PAC : quel nouveau cap pour l'agriculture ? Avec Matthieu Calame et Jean-Christophe Bureau

42 min
À retrouver dans l'émission

Une question simple, mais qui semble présider à toutes les discussions et négociations politiques à échelle européenne comme française aujourd’hui : peut-on concilier une agriculture “verte” et qui soit rentable pour les professionnels ?

Un agriculteur conduit un tracteur à Larceveau-Arros-Cibits, dans le sud-ouest de la France, le 27 mai 2021.
Un agriculteur conduit un tracteur à Larceveau-Arros-Cibits, dans le sud-ouest de la France, le 27 mai 2021. Crédits : GAIZKA IROZ - AFP

Les États membres de l’Union européenne ont entamé un ultime round de négociations ce 24 juin 2021 à Bruxelles pour trouver un accord sur la nouvelle politique agricole commune (PAC). En mai dernier, ils avaient échoué en mai à s’entendre sur des règles communes qui assurent une transition environnementale sans fragiliser les revenus des agriculteurs.

Ces discussions à l’échelle européenne se télescopent avec des débats français autour d’une nouvelle loi sur l'organisation du secteur agroalimentaire, destinée à assurer des revenus décents aux professionnels, et à l’adoption d’un « plan d’action climat » par le ministère de l’Agriculture.

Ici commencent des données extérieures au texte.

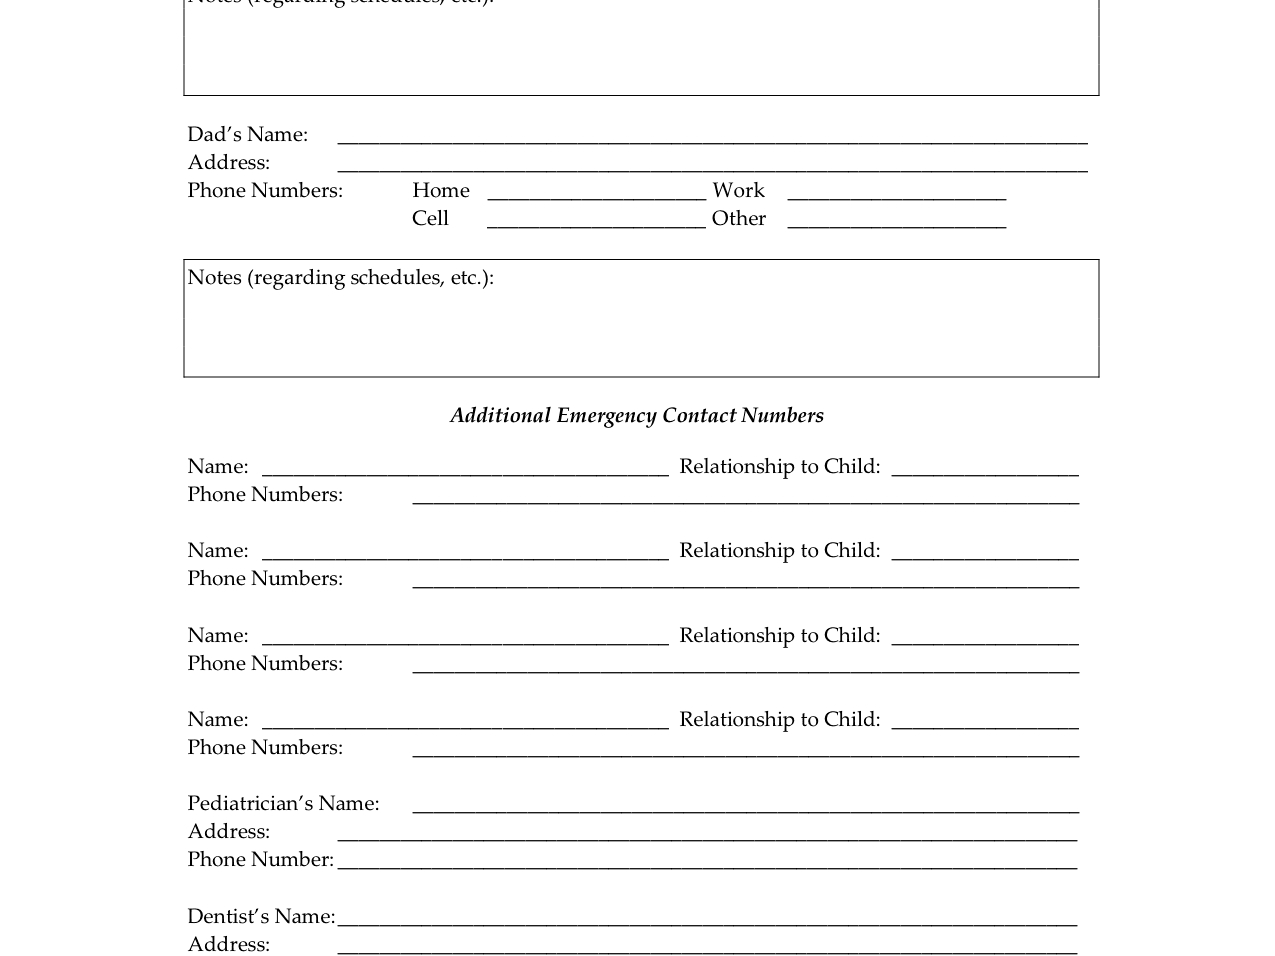 Child's Emergency Contact Form | Single Parent Families Throughout Emergency Contact Card Template

Pour parler de ces sujets, Guillaume Erner reçoit Matthieu Calame, ingénieur agronome, auteur de Enraciner l'agriculture : Société et systèmes agricoles, du Néolithique à l'Anthropocène (PUF, 2020), et Jean-Christophe Bureau, professeur en économie à AgroParis Tech, co-auteur avec Sophie Thoyer de « La politique agricole commune », ed. La découverte.

Le bilan de la loi EGalim

La proposition de loi EGalim 2 a été déposée à l'Assemblée nationale par le groupe LREM, trois ans après la loi EGalim 1. Pour Matthieu Calame, cette nouvelle proposition est un aveu d'échec dans l'ambition de la première loi à partager la valeur ajoutée au sein de la filière alimentaire. C'était d'ailleurs l'une des grandes nouveautés de cette loi que de s'intéresser non pas seulement au secteur agricole mais alimentaire. 

EGalim 1 avait aussi permis de faire entrer les collectivités locales dans la filière. La grande nouveauté : des appels d’offres pour plus de produits bio ou l'incitation pour les collectivité locale à moins consommer de viande. Matthieu Calame

Pour Jean-Christophe Bureau la loi EGalim porte l'ambition de réguler les rapports entre les agriculteurs et les acteurs de la grande distribution.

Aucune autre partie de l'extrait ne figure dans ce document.